Xpert MTB/RIF Contribution to Tuberculosis Case Finding

From March to October 2012, 28 additional (smear negative, Xpert MTB/RIF positive) cases were diagnosed at the facilities where the Xpert MTB/RIF machines were housed, and 15 additional cases were diagnosed from facilities where laboratory technicians brought specimens to the Xpert MTB/RIF facilities. Therefore, 8.85% (43 of 486) of the total number of cases treated in the 10-month project period or 12.50% (43 of 344) of the number of cases identified in the last 6 months of the project after Xpert MTB/RIF was implemented were confirmed by Xpert MTB/RIF. The total number of patients tested, number of cartridges used (including repeat testing due to errors), and percent yield were 817, 922, and 5.30%, respectively.

DISCUSSION

The proportion of outpatients who were appropriately screened for TB by sputum smear increased dramatically in intervention facilities compared with control facilities and also compared with a baseline historical time period. Significant improvement in treatment outcomes were also measured after our bundled intervention. Despite limited previous training, the existing MLPs in these rural facilities were effectively trained to identify and manage patients with TB and TB-HIV coinfection in the absence of medical officers. These MLPs screened 64% of the presumptive TB cases, increasing the number of TB cases approximately 5-fold, and increased TB completion by 28.85% over the 10-month project period.

Our healthcare systems approach linked clinical and laboratory training—an approach that has been successful in the diagnosis and treatment of other infectious diseases such as malaria [25, 26]. All aspects of TB case finding and treatment were managed by MLPs and supported by simultaneous laboratory strengthening that provided quality diagnostics to accommodate the larger presumptive TB case laboratory volumes. Our study also corroborates previous clinical trials that task-shifting care to MLPs does not compromise outcomes in HIV care [9], including timely initiation of ART in TB-HIV coinfected individuals and in provision of community-based directly observed therapy [27, 28]. In our study, multidisciplinary training followed by intermittent OSS was an effective way to catalyze sustained improvement in passive TB case detection over time and TB outcomes over time.

The project did not offer pay-for-performance rewards, or any other form of additional salary support [29], nor did it offer additional staff at public healthcare facilities; staff at both intervention and control facilities were paid the same salary. Even without such additional incentives, the MLPs in this study were able to identify and treat TB, a critical achievement given that the majority of the Ugandan population is rural and medical doctor absenteeism is pervasive across rural SSA [7].

Fluorescence microscopy detected 90% of the confirmed TB cases during the project period. Fluorescence microscopy has higher sensitivity, shorter turnaround times, and requires only a single reagent for staining compared with Ziehl-Neelsen light microscopy [17, 30]. It allowed for rapid expansion without additional laboratory personnel to accommodate the large increase in the number of patients referred for smear microscopy testing. Previous field implementation studies have demonstrated concerns about specificity despite increases in sensitivity with FM [31, 32], which were overcome in our project through centralized, strong quality assurance systems.
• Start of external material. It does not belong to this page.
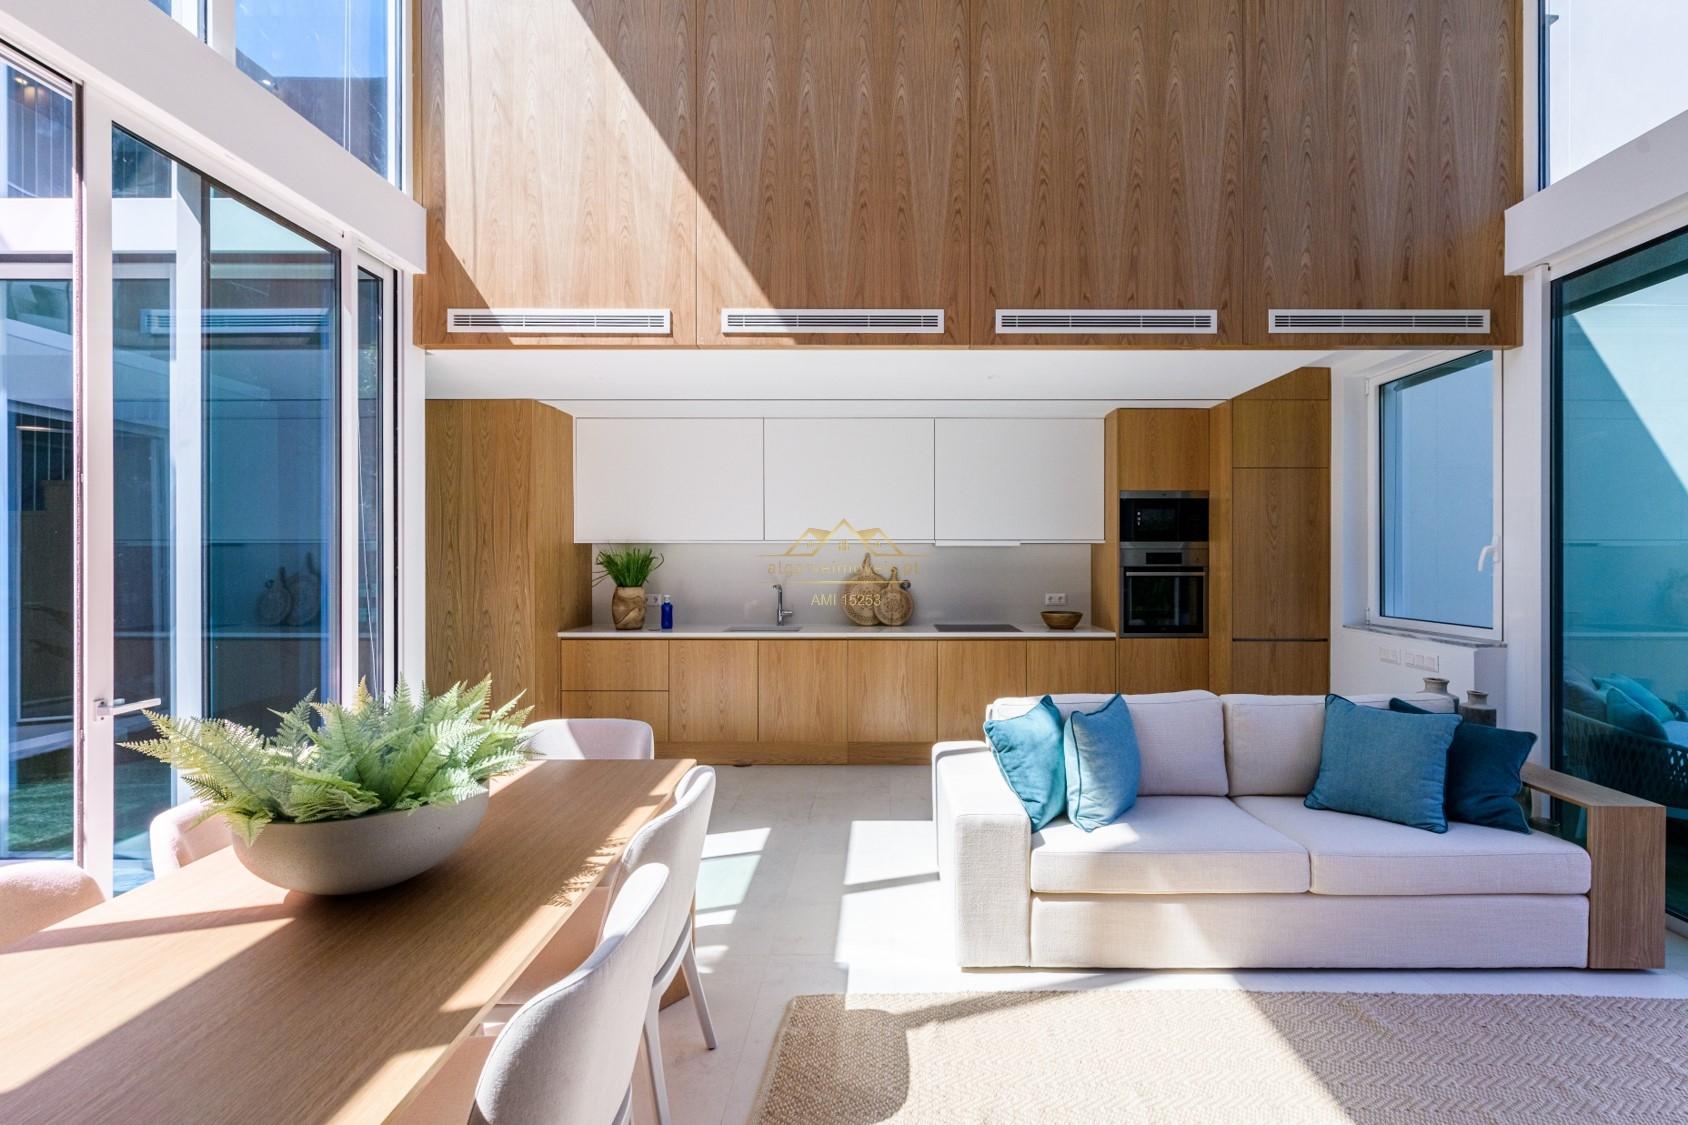 Villa de luxe de 4 chambres en construction Vilamoura

The addition of Xpert MTB/RIF testing at 5 facilities, with transport reimbursement for laboratory technicians to bring sputum samples from HIV-positive, smear-negative patients from the other 5 facilities to Xpert MTB/RIF hubs, did increase the number of microbiologically confirmed cases in the 6 months that the machines were operating. Overall, we found an additional 43 cases using Xpert MTB/RIF. Further implementation science is needed to maximize the benefits of Xpert MTB/RIF through diagnostic hubs to (1) increase the volume of sputa tested at each machine, (2) select the correct patients to test, and (3) solve implementation logistics targeting HIV-infected presumptive TB cases. Other challenges include the need for consistent voltage, electricity, climate control, test errors, and transport for yearly calibration. Maintaining a supply of cartridges, which are still expensive relative to the cost of sputum smear, poses additional challenges as does the cost of machine repair.
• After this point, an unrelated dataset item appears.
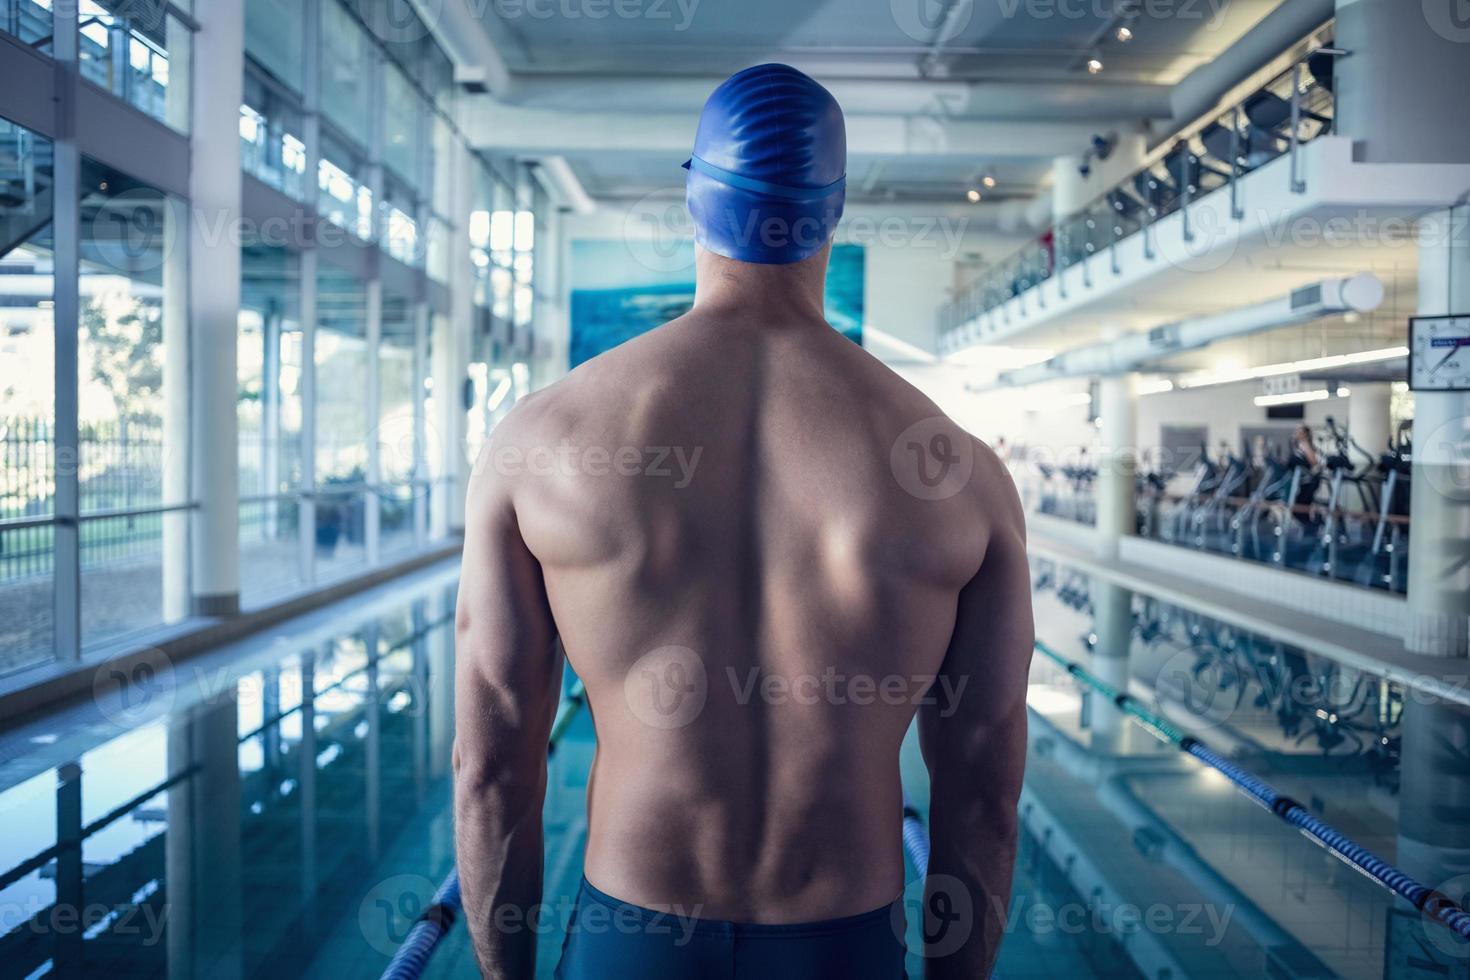 vista traseira do nadador sem camisa na piscina no centro de lazer foto

One strength of our study is that clinical data from all outpatients were collected, and these data allowed us to accurately determine the number of patients who fulfilled WHO intensive case-finding criteria for screening compared with the total number of outpatients. Our data show that the case detection rate reported by the WHO is likely an overestimate and surveillance will be needed to determine an accurate rate. In rural healthcare centers in Uganda, there are significant missed opportunities to screen symptomatic patients with smear microscopy.
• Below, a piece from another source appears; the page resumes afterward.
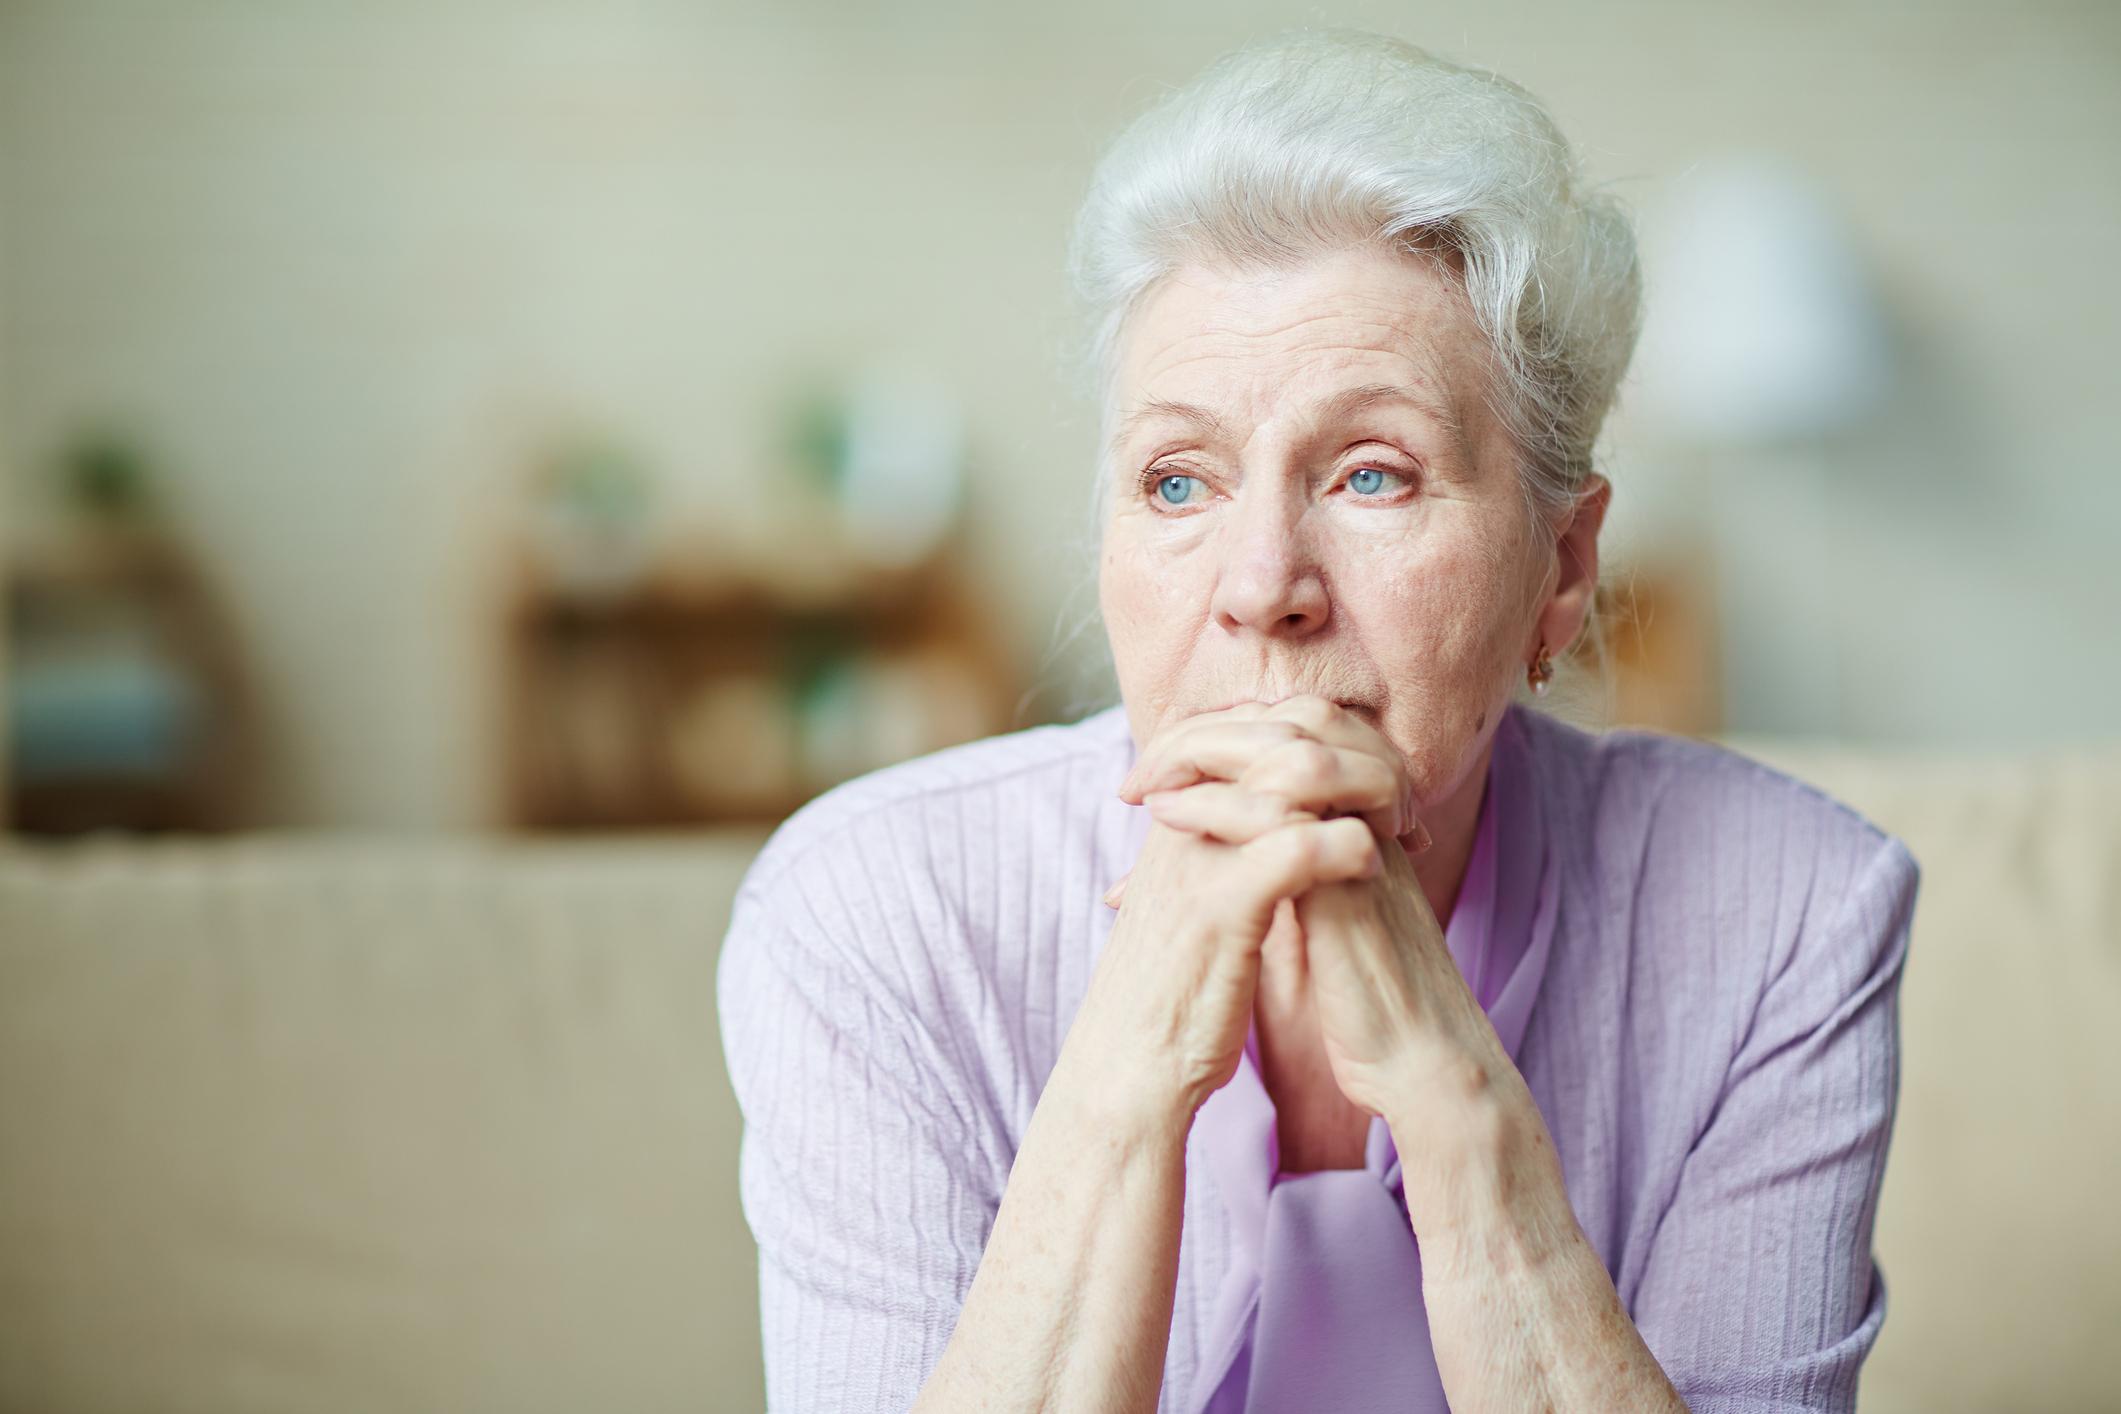 Worried looking older woman.

However, our study had several limitations. First, our impact assessment excludes the impact of poor supply chain management because we provided buffer stocks (HIV test kits, antiretroviral and anti-TB treatment, and laboratory reagents). Second, differences in data collection processes between IDCAP and this project, in particular linking of registers, may account for some of the increases from baseline compared with the project period. To address this discrepancy, we produced Supplementary Table 3 to show consistent gains made during TB REACH. Third, we did not verify smear-negative, Xpert-negative cases with TB cultures. In resource-limited, large-scale evaluations of Xpert MTB/RIF, the sensitivity was as low as 57.7% in smear-negative TB [21]. We also did not evaluate whether negative Xpert MTB/RIF results influenced the decision to empirically treat patients. Overall, the proportion of smear-negative TB diagnoses was low, implying a low rate of empiric treatment, but it did increase during the project period, suggesting that MLPs became more confident in diagnosing smear-negative TB as well.

CONCLUSIONS

Although more sensitive TB diagnostics that are deployable at point-of-care are still urgently needed for rural settings in SSA, our bundled intervention of improved diagnostics combined with on-site training and supervision enabled MLPs to recognize, diagnose, and treat TB. This process also rapidly improved TB case finding and TB completion rates in settings without a medical officer. Optimized training of the existing workforce with available diagnostic techniques will improve TB case detection and will require fewer resources than active case-finding strategies.

Supplementary Material

Supplementary material is available online at Open Forum Infectious Diseases (http://OpenForumInfectiousDiseases.oxfordjournals.org/).

Supplementary Data

Acknowledgments

We gratefully acknowledge Masja Straetemans (external monitor; Royal Tropical Institute, Netherlands), Marcia Weaver and Kelly Willis who kindly shared the IDCAP data, and Dick Chaisson and Larry Moulton for helpful scientific input. We are also grateful to the Health Center staff who participated in this project as well as the staff of the National TB and Leprosy Program who worked with us to implement the study.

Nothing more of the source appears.